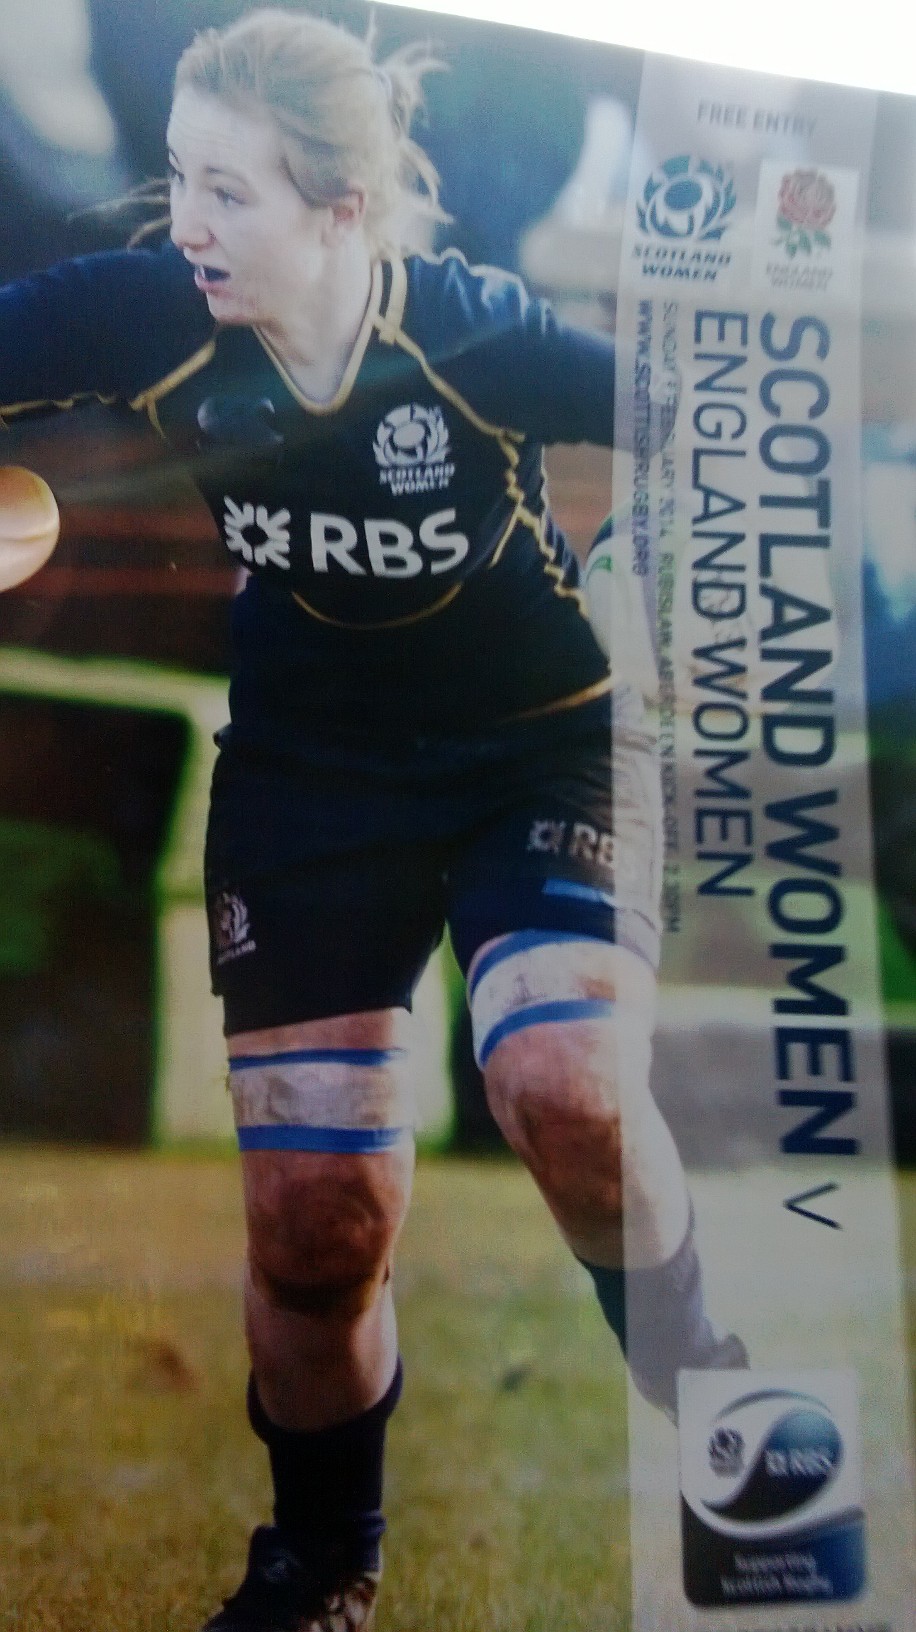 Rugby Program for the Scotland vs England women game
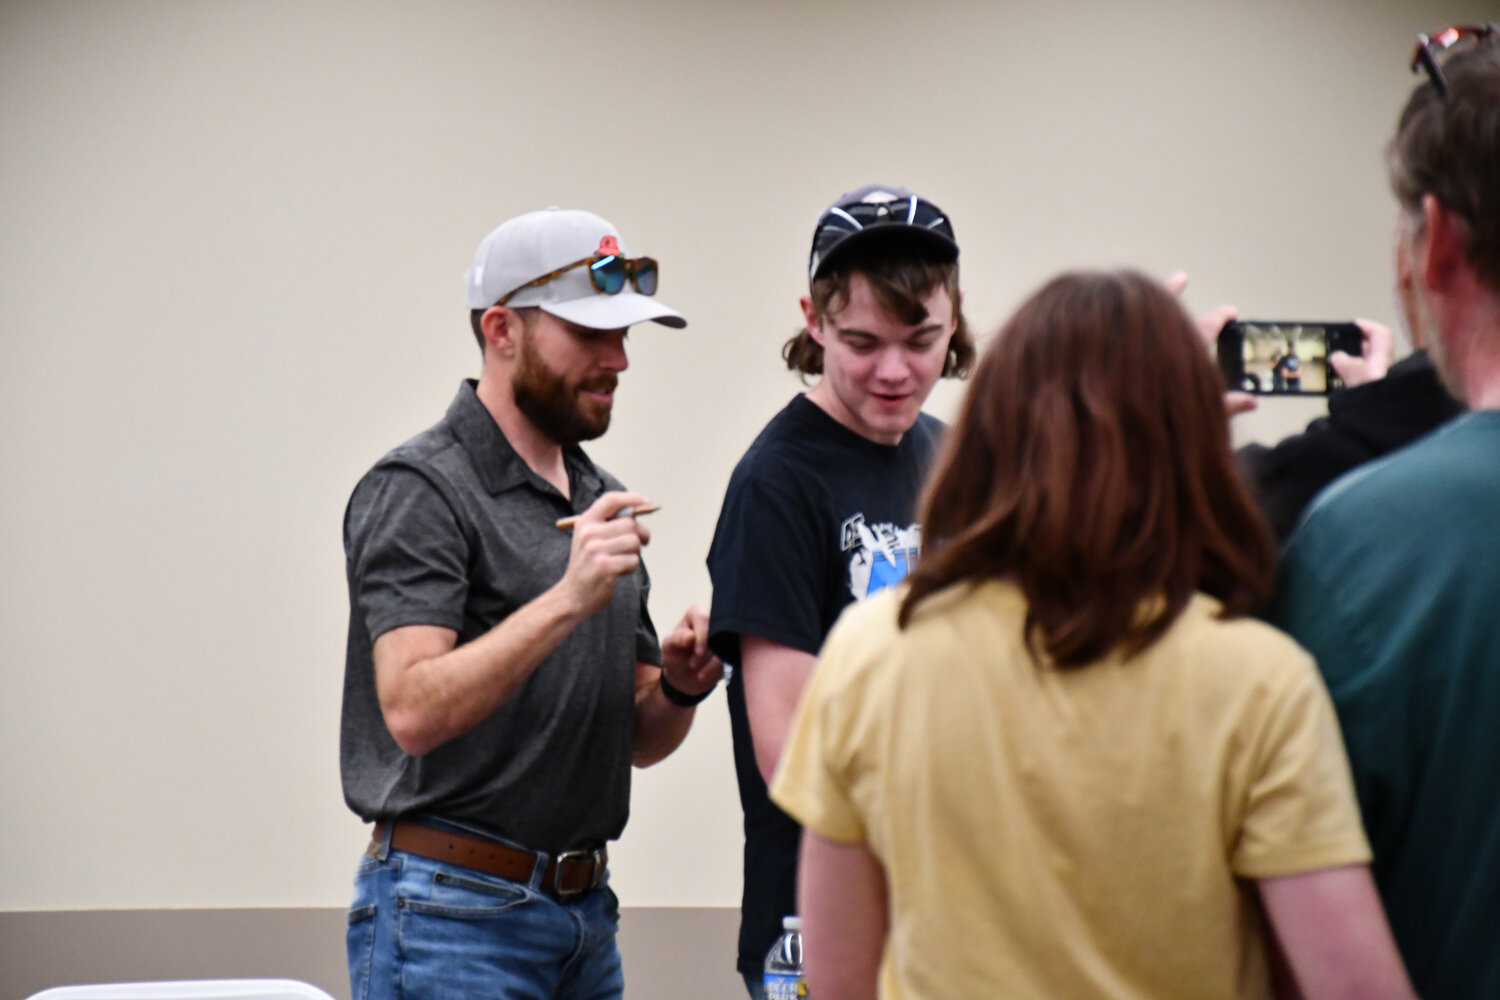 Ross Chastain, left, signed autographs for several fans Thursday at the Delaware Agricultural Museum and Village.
...
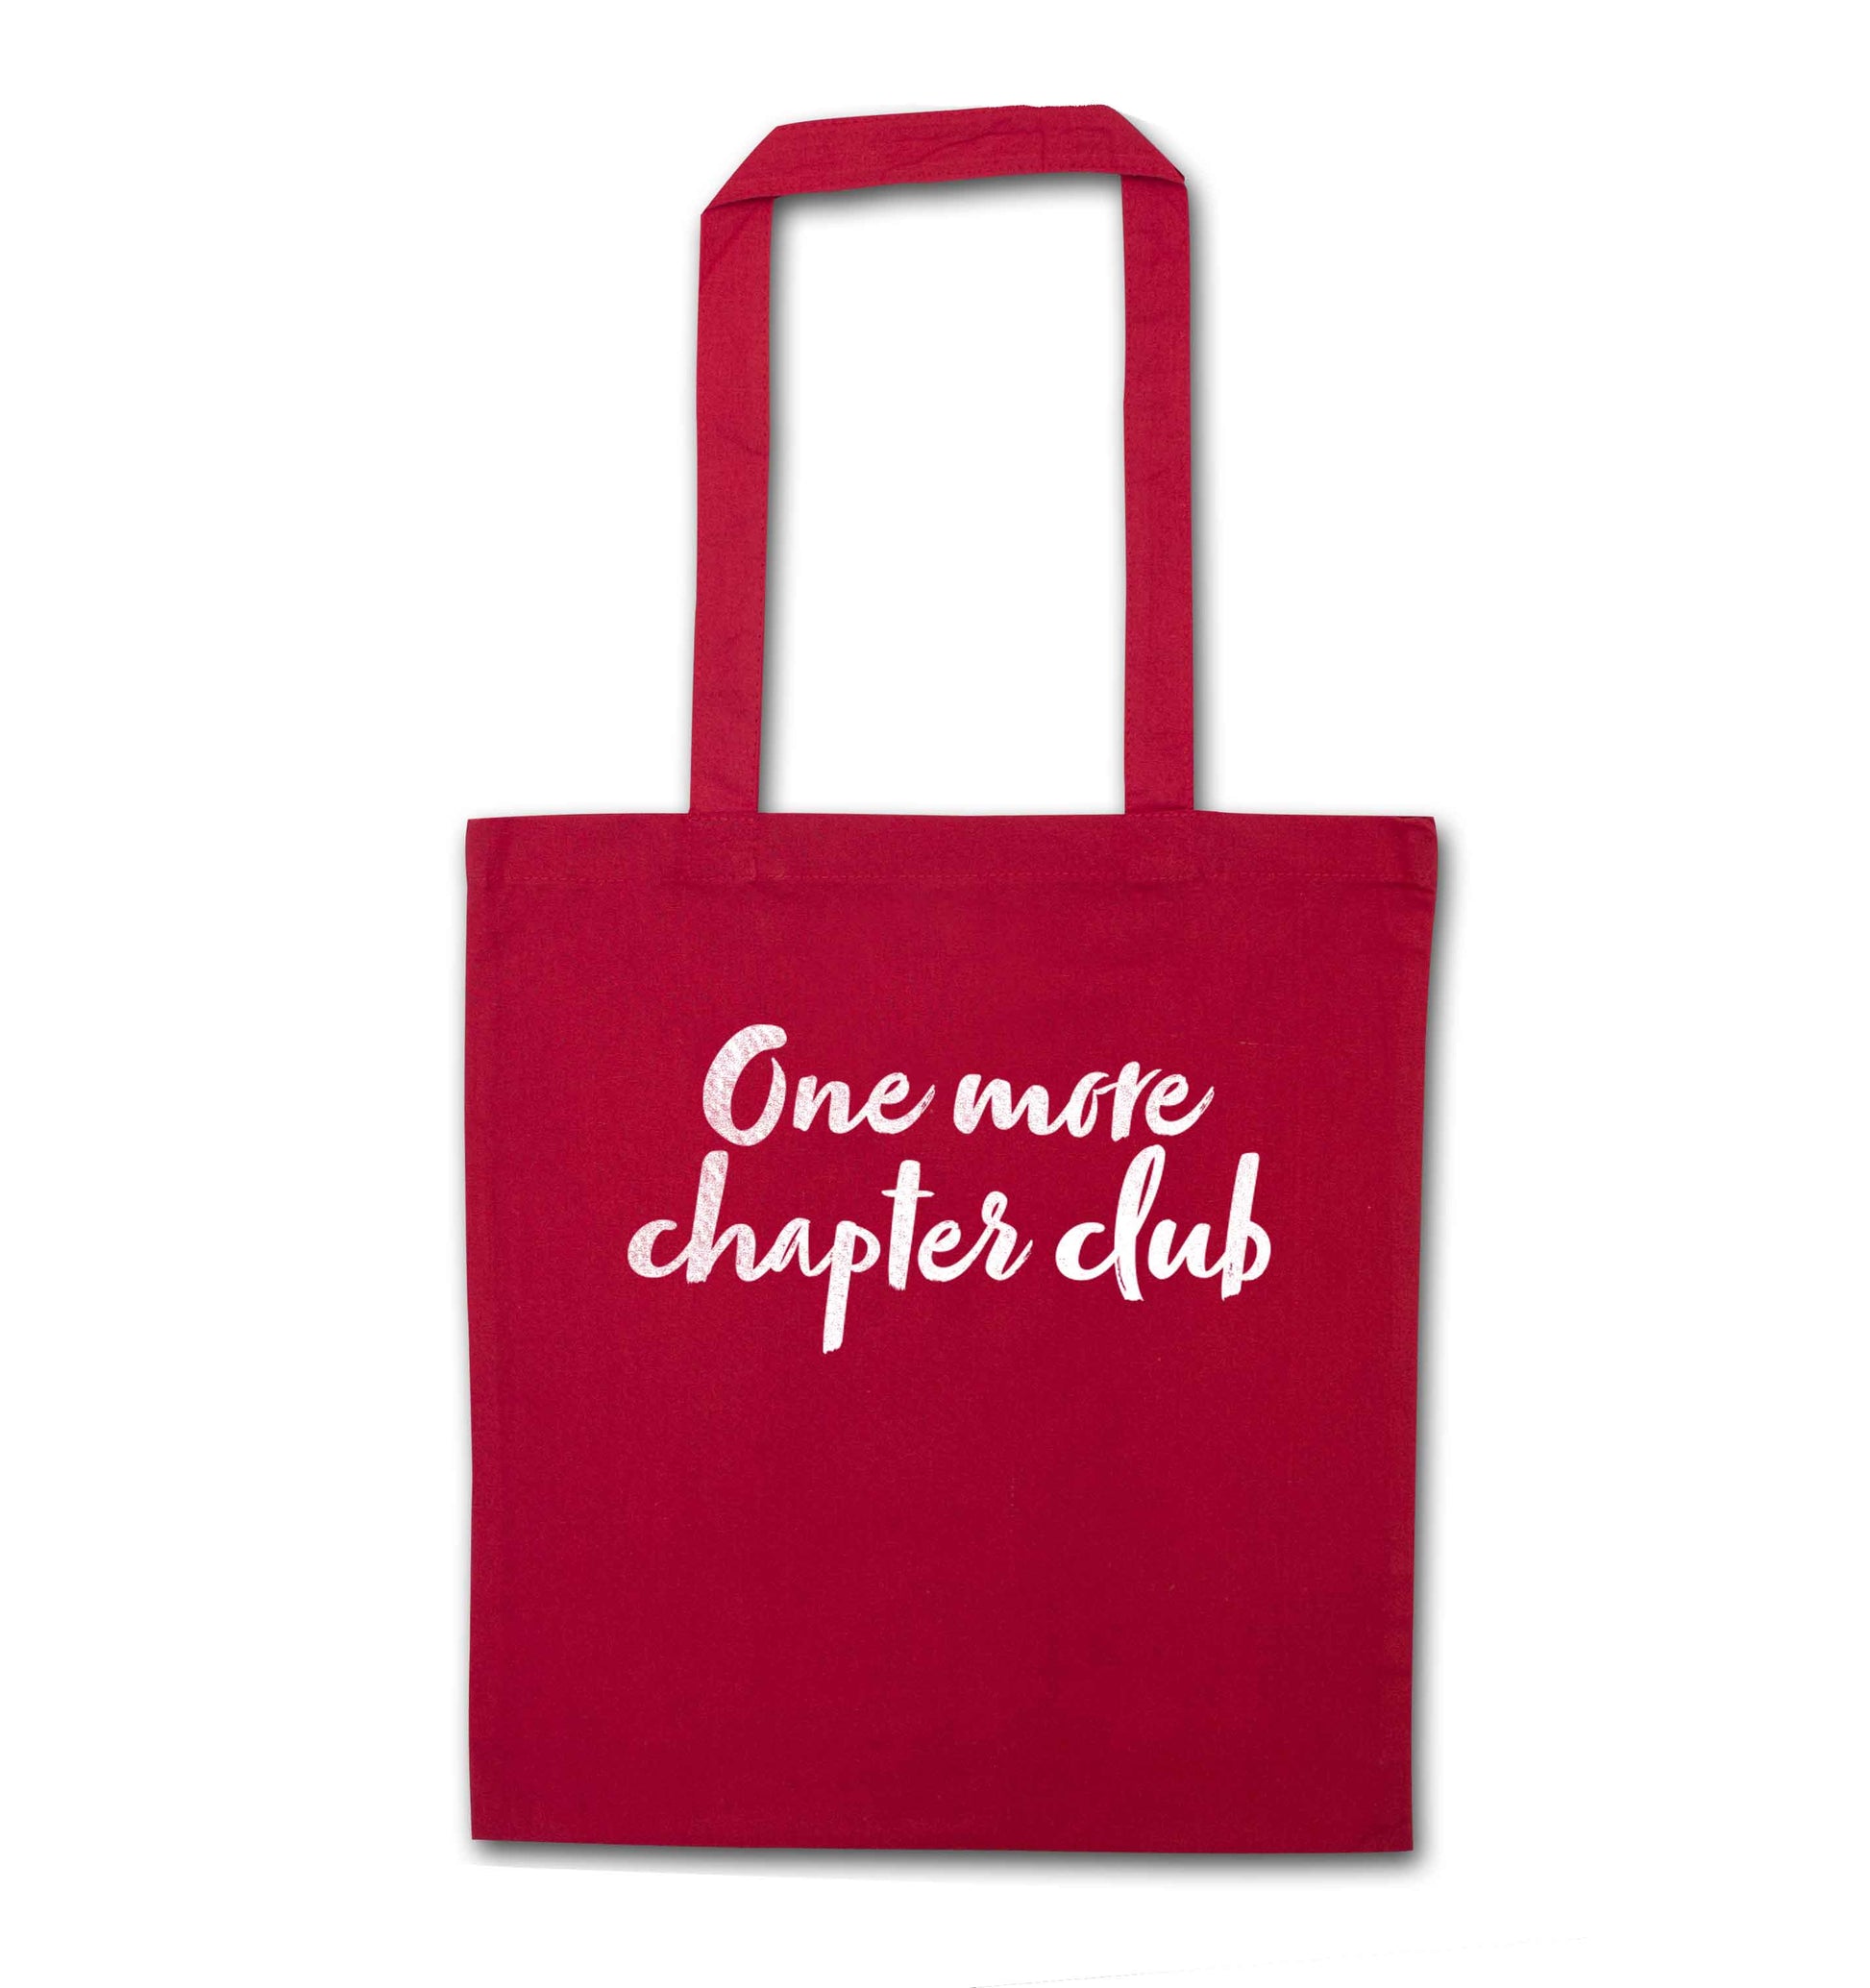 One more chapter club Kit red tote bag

Work task: Within the listing above, find the line containing "Rugby Program for" and the line containing "Ross Chastain, left, signed". Transcribe them and everything between them exactly, leaving out the pictures.

Exercise output:
 Rugby Program for the Scotland vs England women game
 Ross Chastain, left, signed autographs for several fans Thursday at the Delaware Agricultural Museum and Village.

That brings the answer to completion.